• **THE TASK**:
Return the data below exactly as given, except for the images.

• **RECORDED DATA**:

--------------------------------

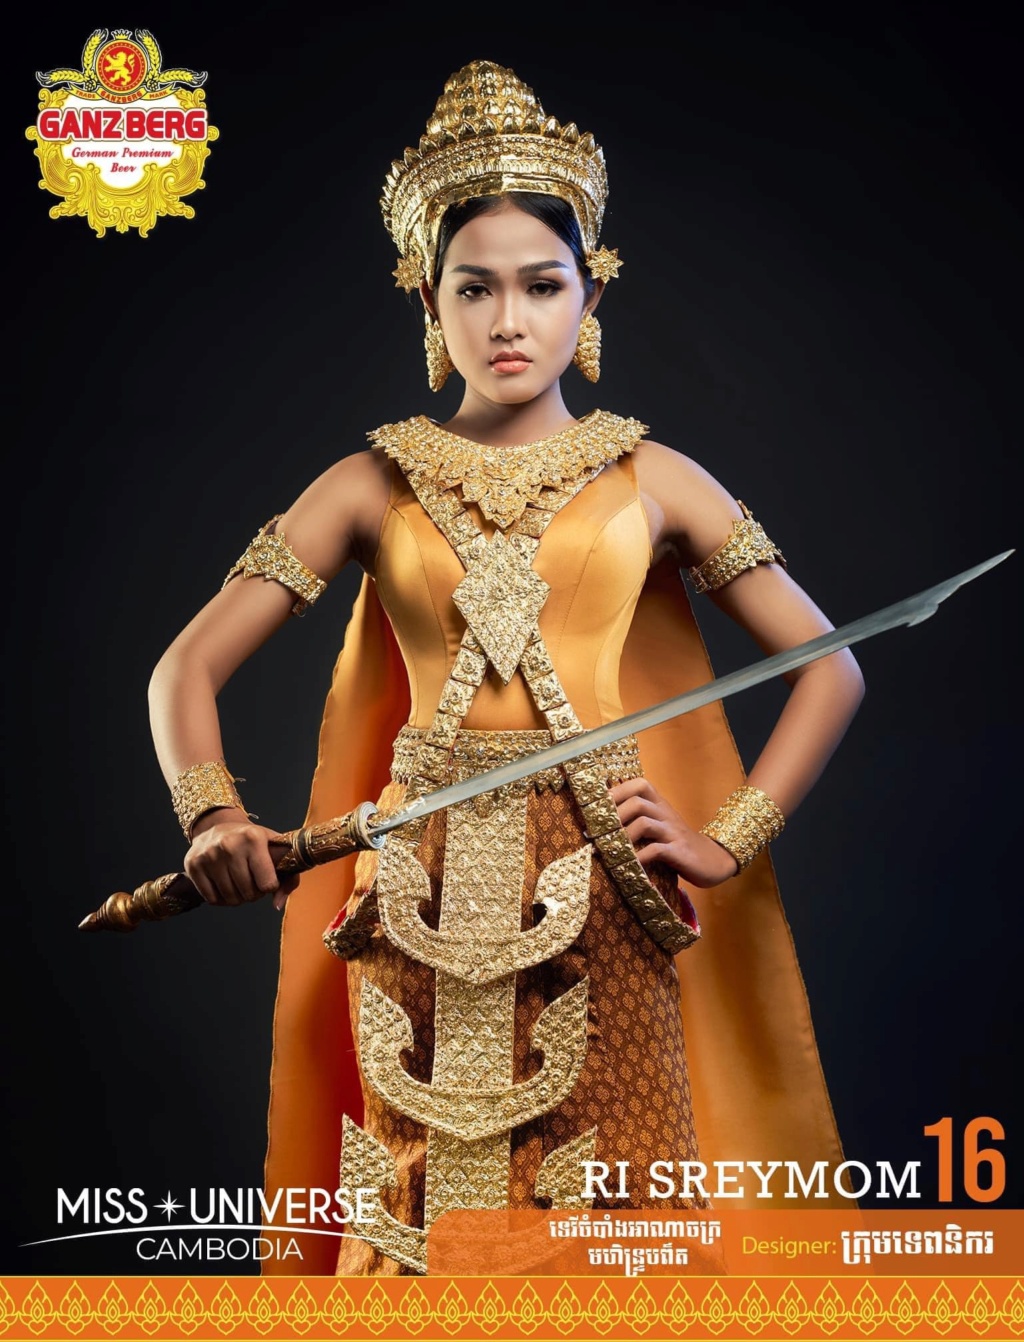 Miss Universe Cambodia 2021 is Ngin Marady 1652
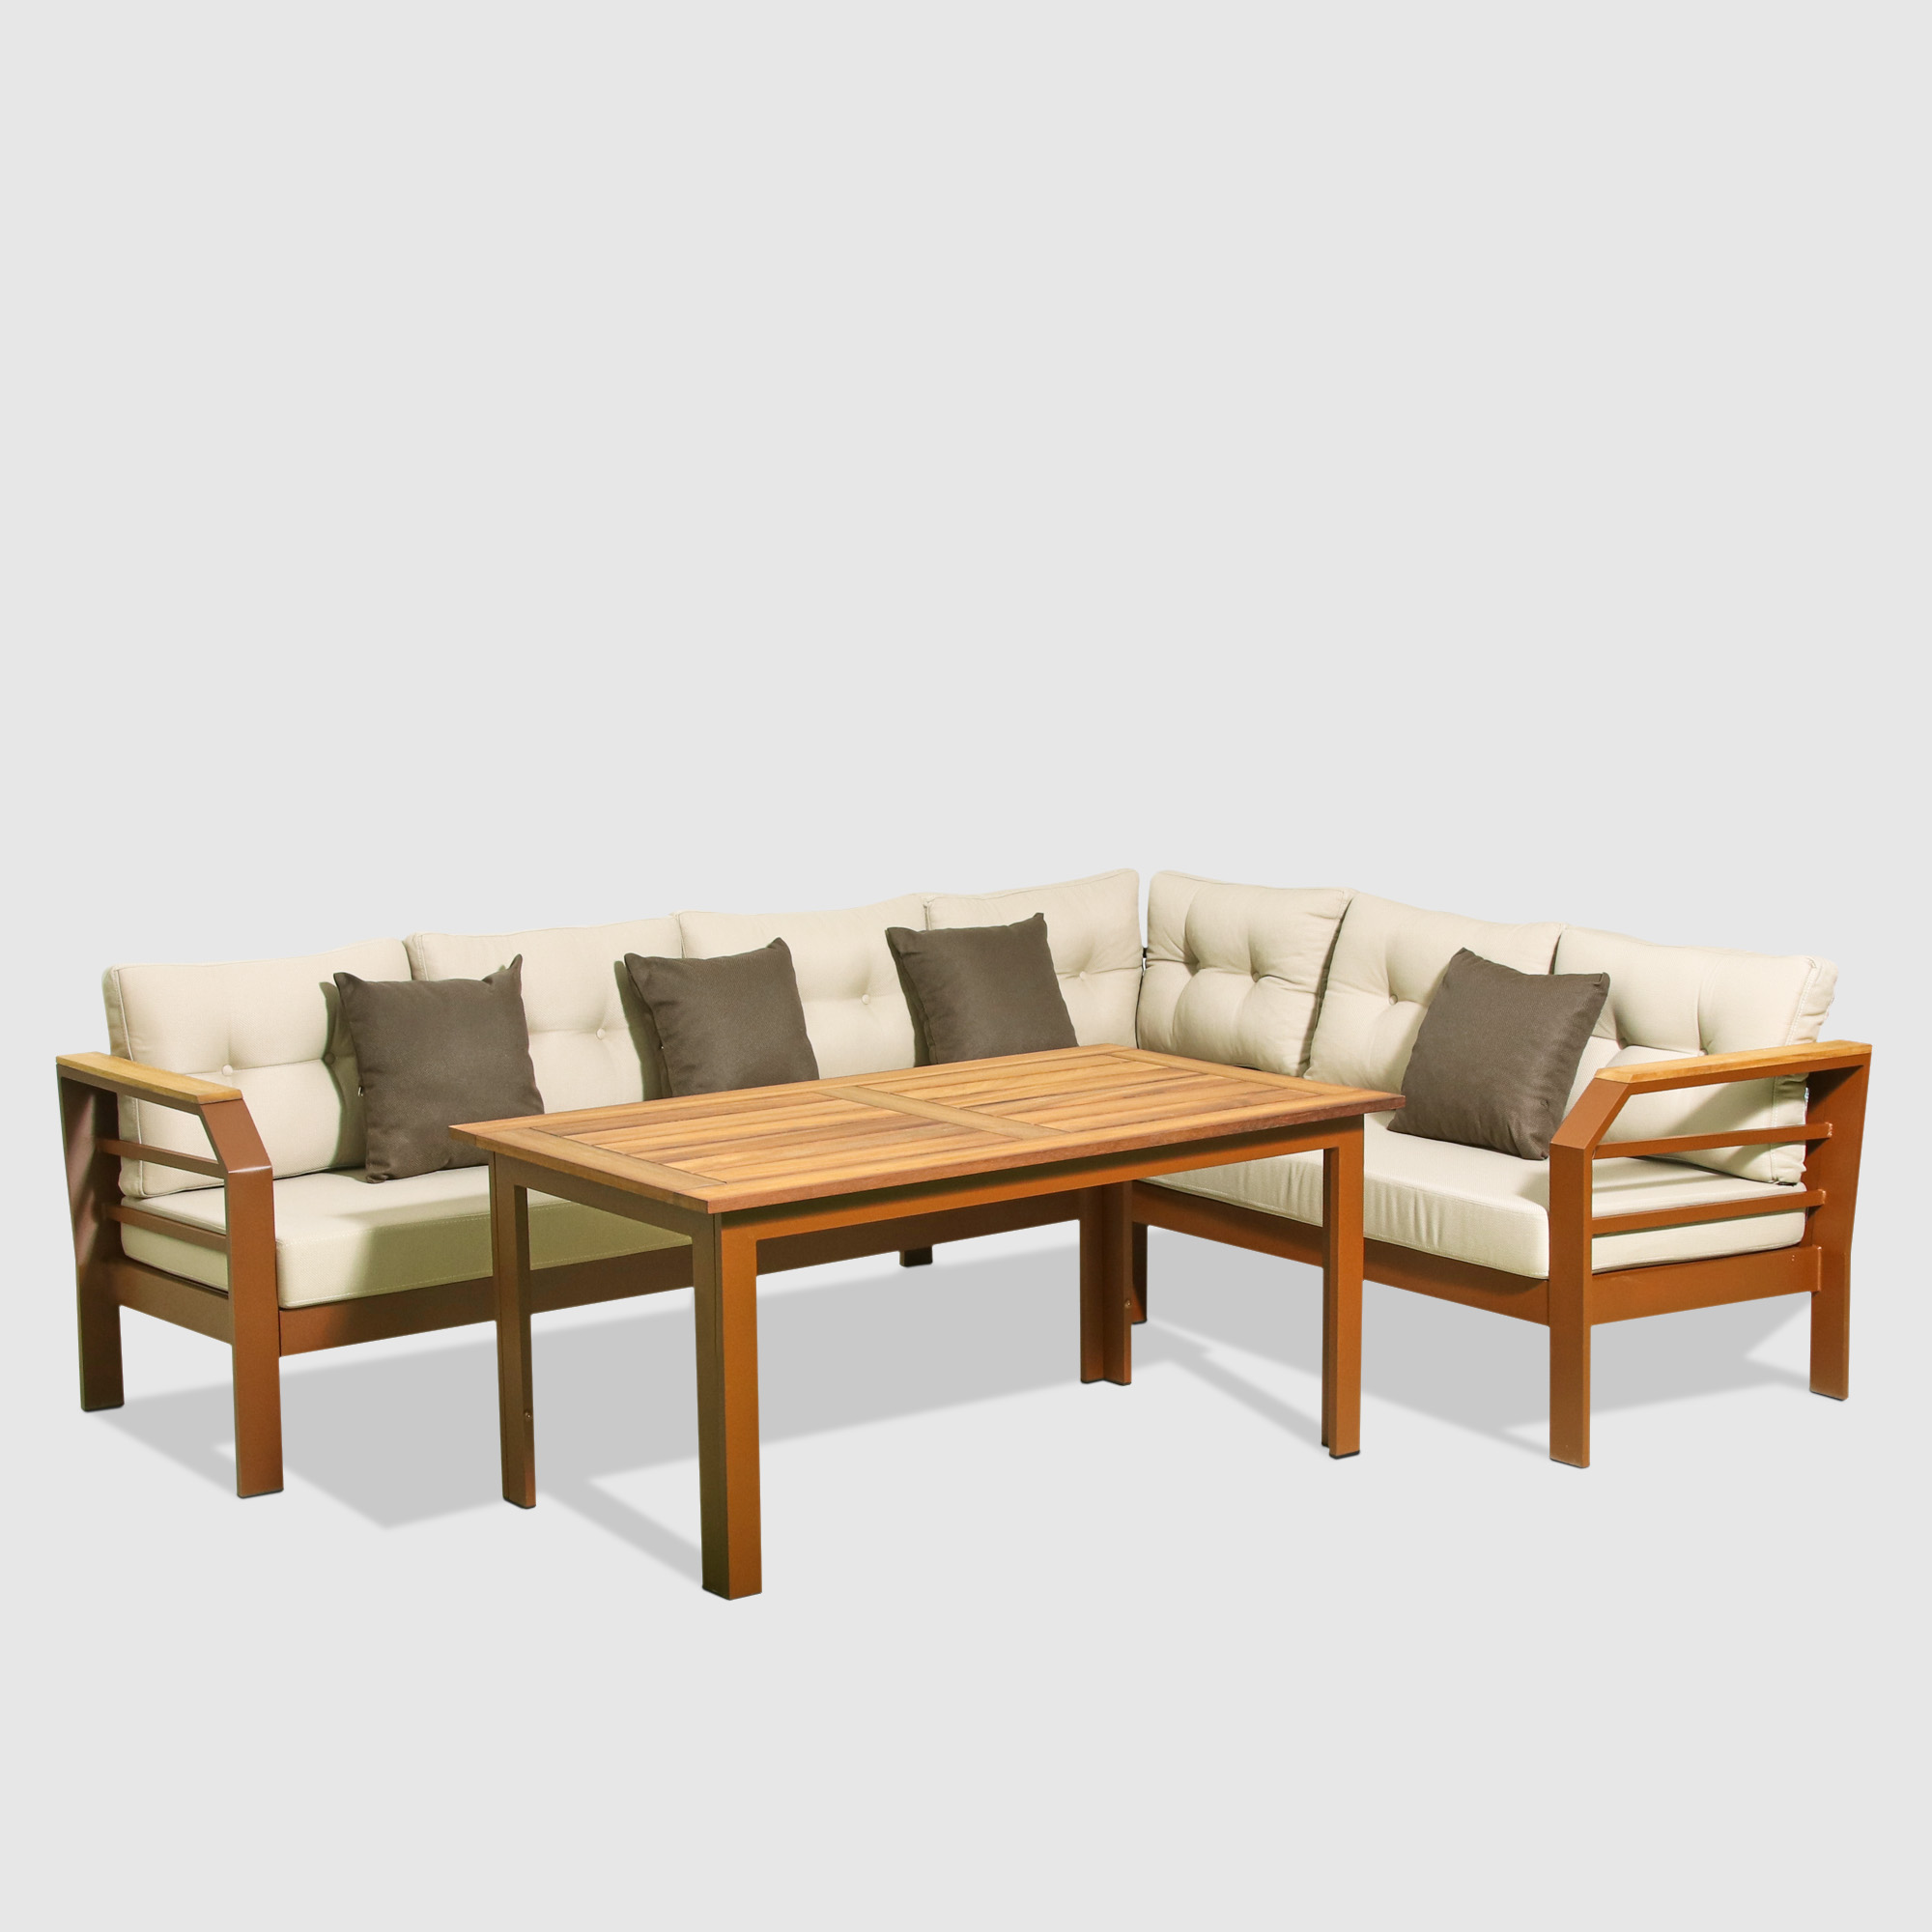 Комплект мебели Alora Garden диван угловой + столик, цвет коричневый, размер 262х203х65
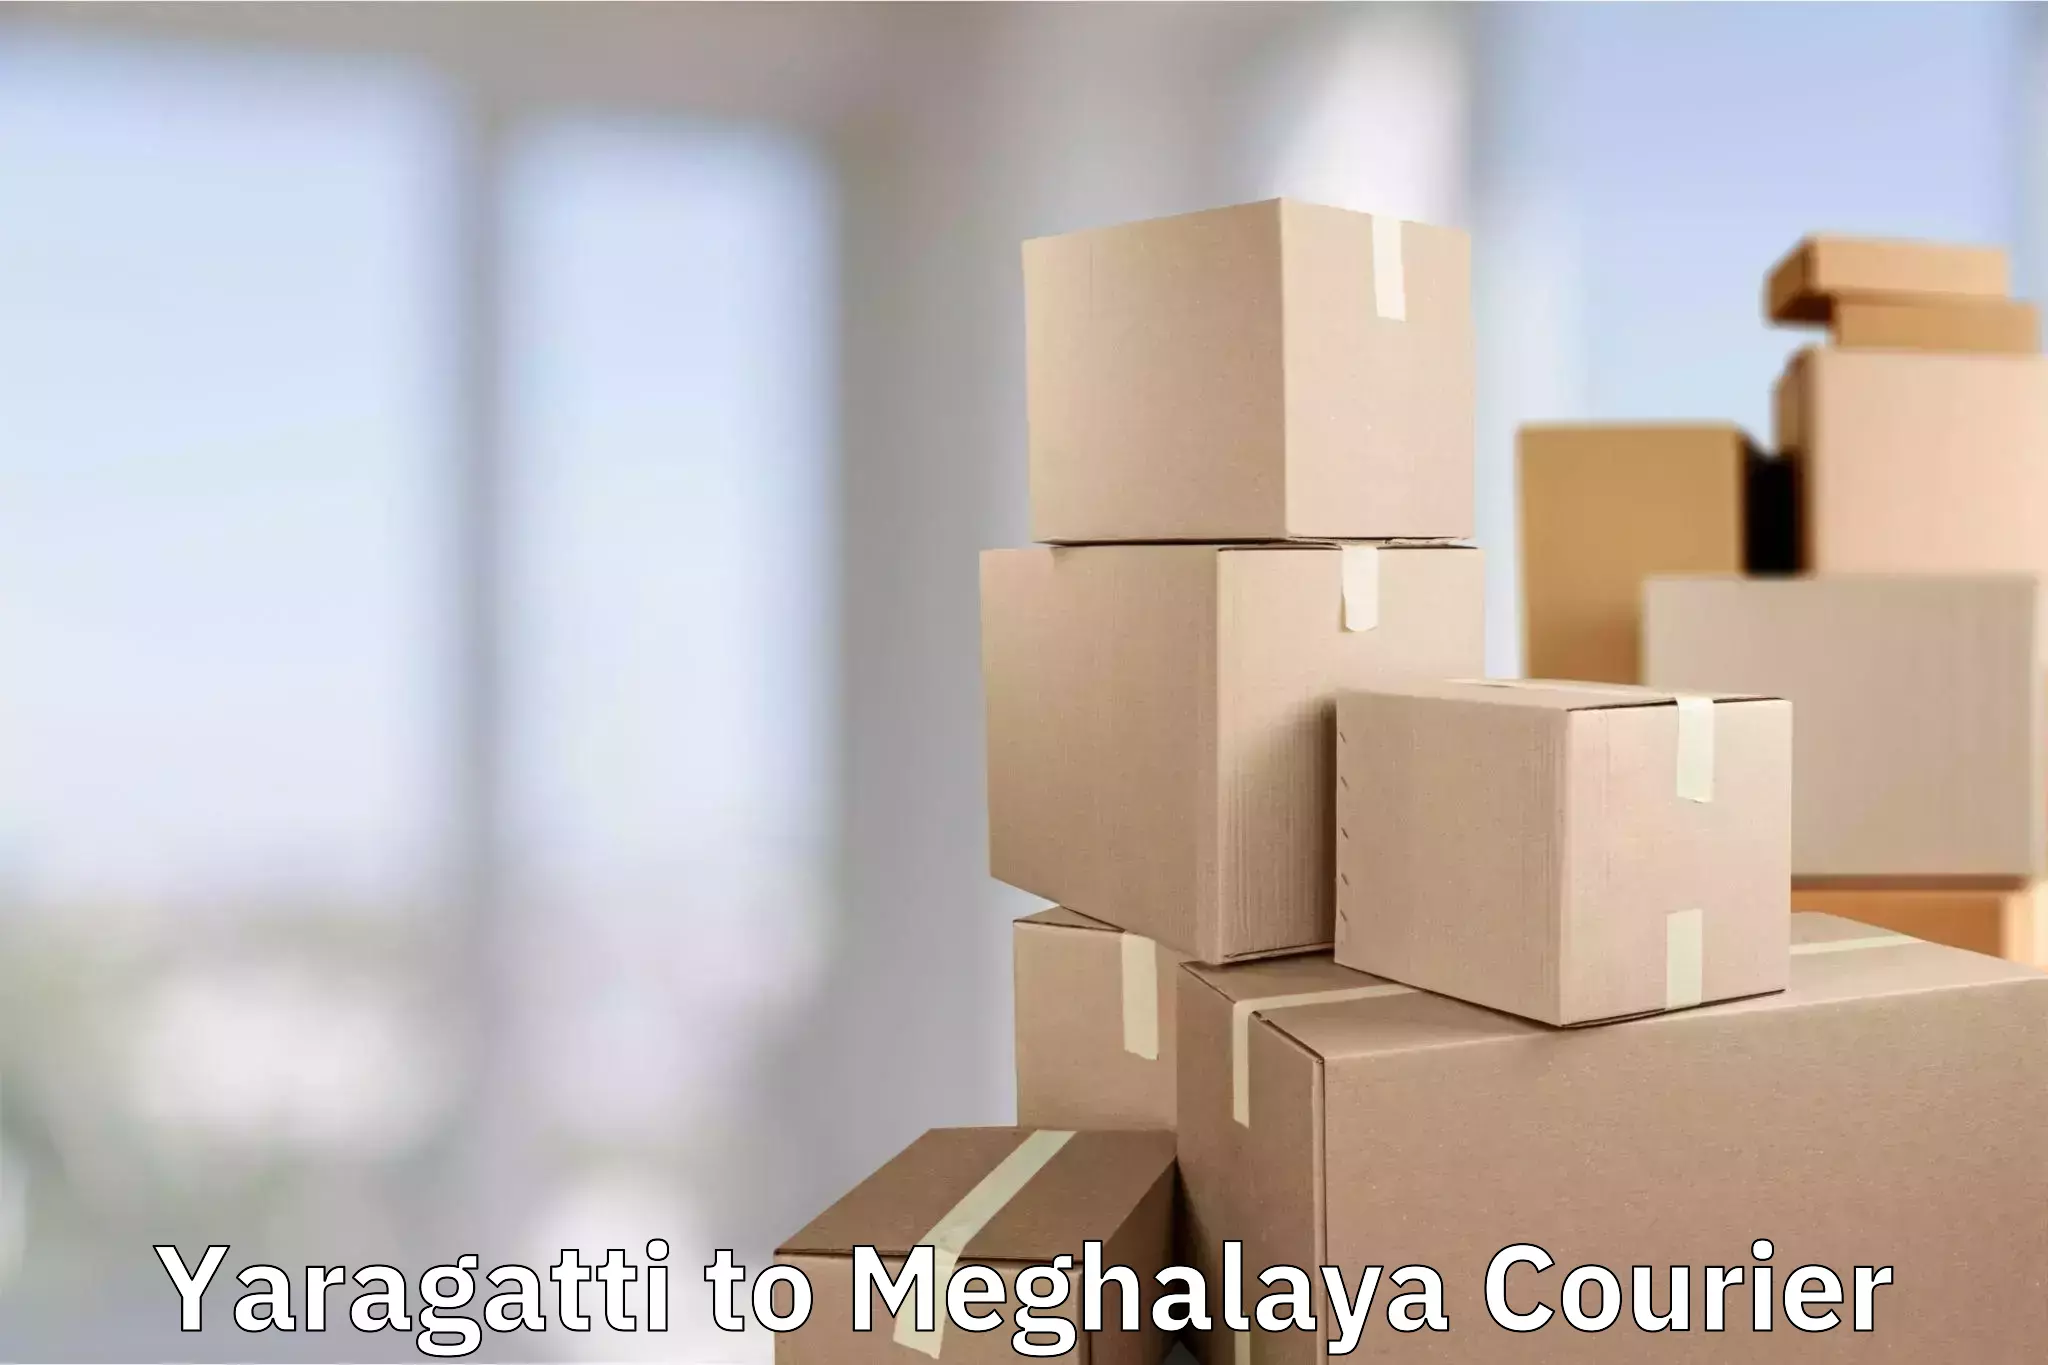 Personal effects shipping Yaragatti to Meghalaya
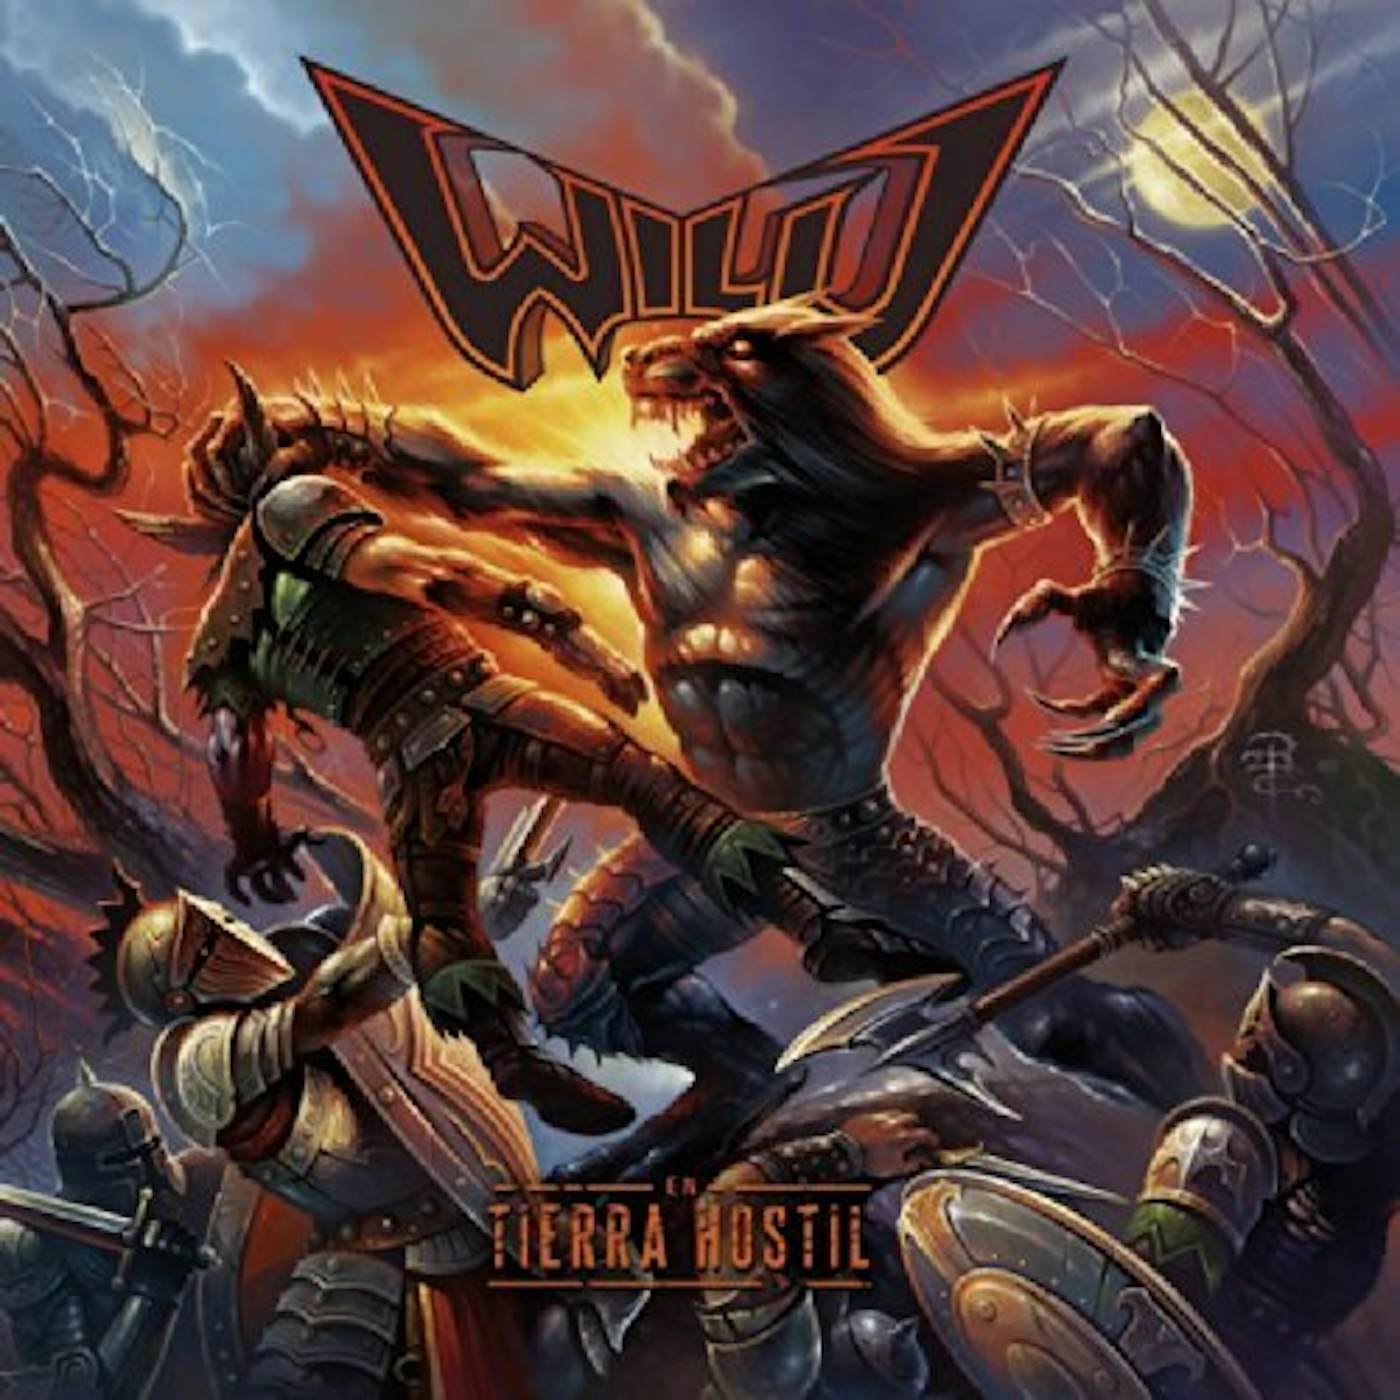 The Wild EN TIERRA HOSTIL CD

--------------------------------

• **PROBLEM SOLUTION**:
 Miss Universe Cambodia 2021 is Ngin Marady 1652
 Комплект мебели Alora Garden диван угловой + столик, цвет коричневый, размер 262х203х65
 Personal effects shipping Yaragatti to Meghalaya
 The Wild EN TIERRA HOSTIL CD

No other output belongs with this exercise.